To many in New Caledonia, the responsibility for the collapse of COFIMPAC lay firmly with the French government, which had taken to itself all responsibility for the nickel industry only to impede attempts to break SLN’s monopoly. The French government’s palpable hostility towards INCO did not escape many; in the election for the territorial Deputy to the National Assembly in early 1973, several parties, including the Union Calédonienne, campaigned in part on the culpability of the administration in the failure of COFIMPAC. In one of its first acts following the election, won by the UC with the support of the Mouvement Populaire Calédonien, the Territorial Assembly reaffirmed its wish to see INCO established in the territory. Roch Pidjot, newly re-elected as Deputy to the National Assembly, also returned to Paris with instructions to seek the repeal of the Billotte laws, restoring to the Territorial Assembly local responsibility for New Caledonia’s mining industry.[64] After a decade and a half of pushing for the diversification of the territory’s nickel industry, the Territorial Assembly remained at loggerheads with the French government, which had continuously frustrated that goal. In the process, the government helped create the very problem that it had tried to forestall.

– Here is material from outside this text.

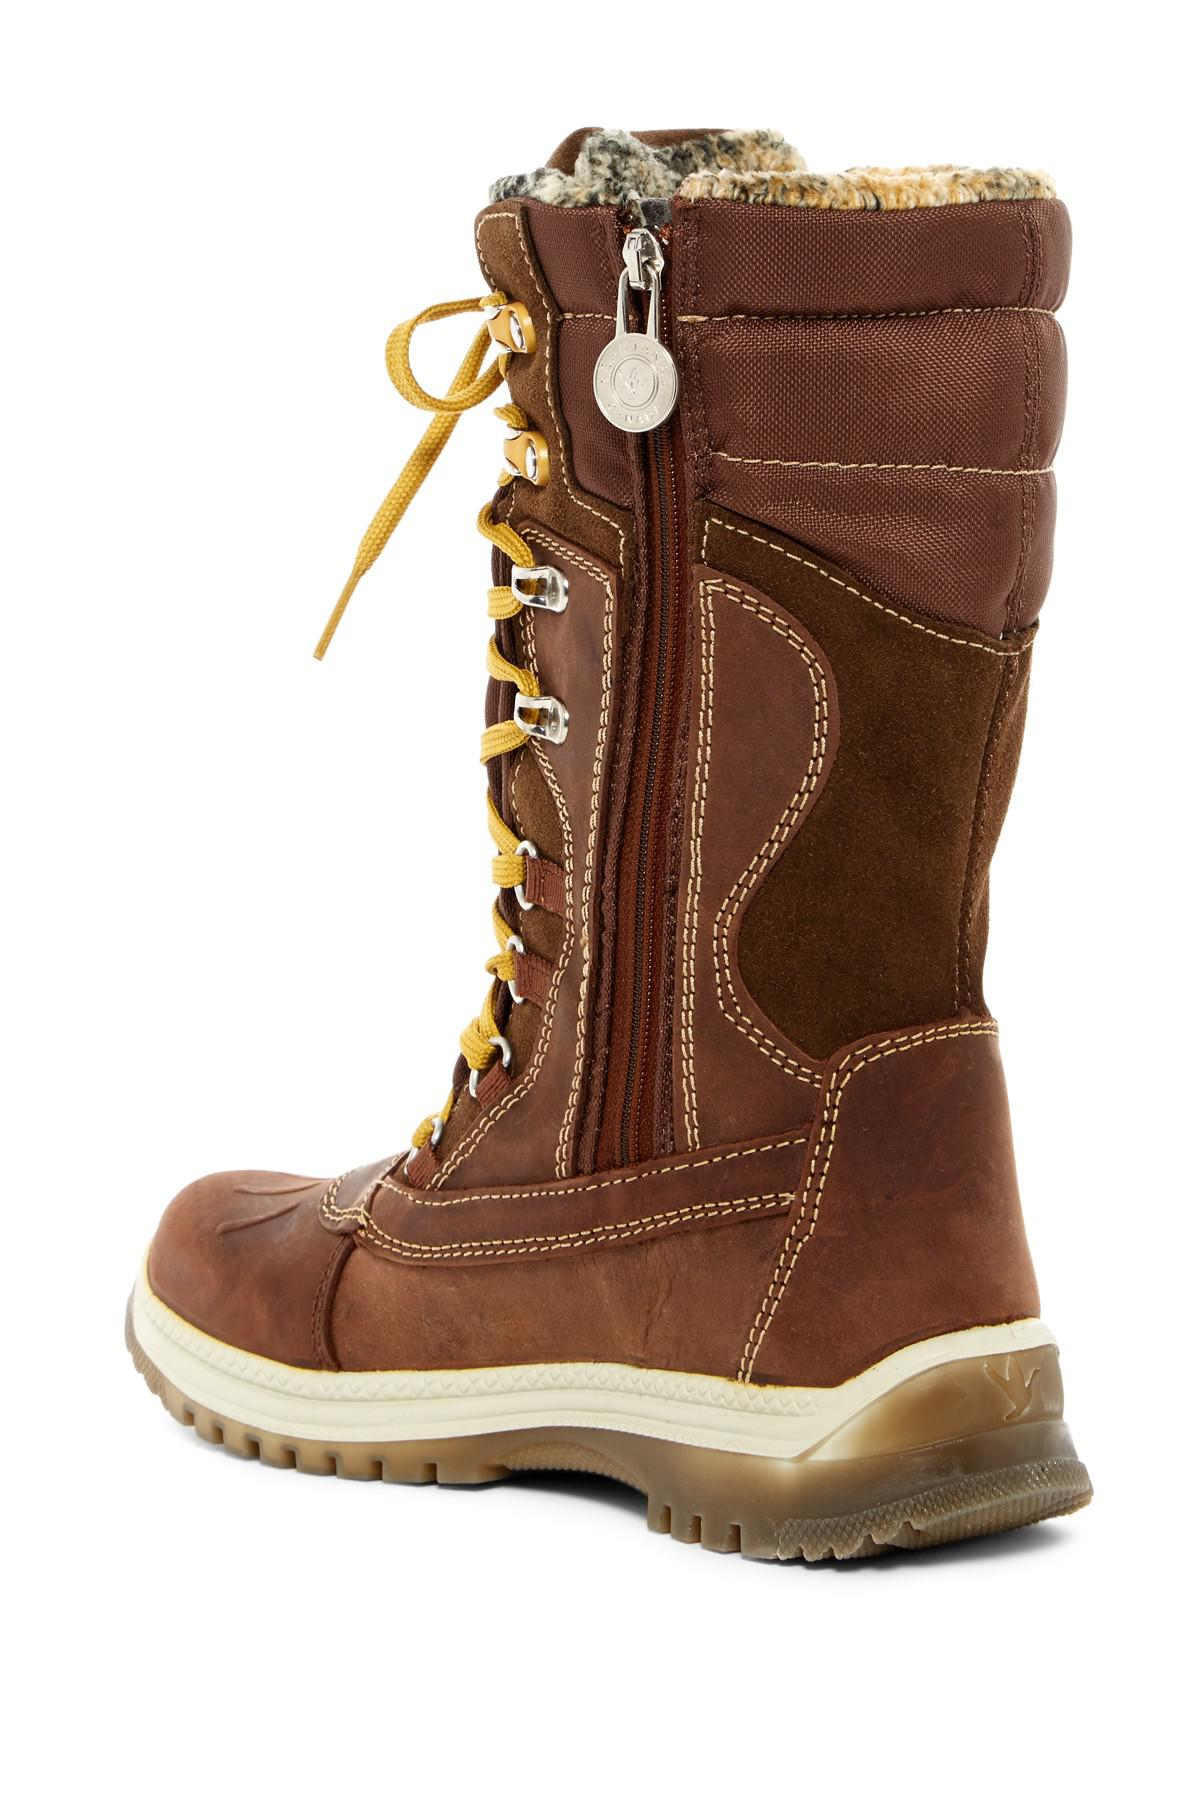 4d1de3dc11d Santana Canada - Brown Modena Wool Lined Waterproof Boot - Lyst. View  fullscreen

Many scholars who study New Caledonian nationalism and politics in the late twentieth century consider the 1960s a period of lost opportunities, when the French government squandered the chance to prevent the development of a full-blown independence movement in its most valuable Pacific territory. In the 1950s and 1960s, they point out, the autonomist movement, based largely but not exclusively in the Melanesian Kanak community and led by moderates such as Maurice Lenormand and Roch Pidjot, sought greater autonomy for New Caledonia within the French umbrella rather than its independence. They believed that New Caledonia and its indigenous peoples could prosper under French sovereignty though they wanted local authorities to exercise greater responsibility over the territory’s economic development and other matters. It was only in the 1970s that radicalized nationalists began to push forcefully for New Caledonia’s independence from France.[65] Prior to that point, the interests of the French and of the New Caledonian nationalists had not been irreconcilable.
By the early 1970s, many of the territory’s autonomists had become convinced that New Caledonia’s potential could not be realized under a regime that subordinated New Caledonian concerns to French national interests. As proof, they needed to look no further than the French government’s response to efforts to diversify investment in the nickel industry, where the desire to retain the industry’s benefits for France and French companies and fear of the influence that foreign companies would have on political developments in the territory, led the government to impede, even deny New Caledonians the opportunity to maximize the benefits they received from their mineral wealth. Instead of accommodating autonomists’ expectations of reasonable self-government, the French government stripped the Territorial Assembly of many of its powers in 1963 and 1969, concentrating political authority over New Caledonia in Paris. In the 1960s, the only empire from which New Caledonians wished to be liberated belonged to Société Le Nickel. Ironically, by obstructing foreign investment in the territory and reducing its autonomy in order to keep foreign companies out, the French government actually helped set the stage for the emergence of a full-blown independence movement in New Caledonia in the 1970s.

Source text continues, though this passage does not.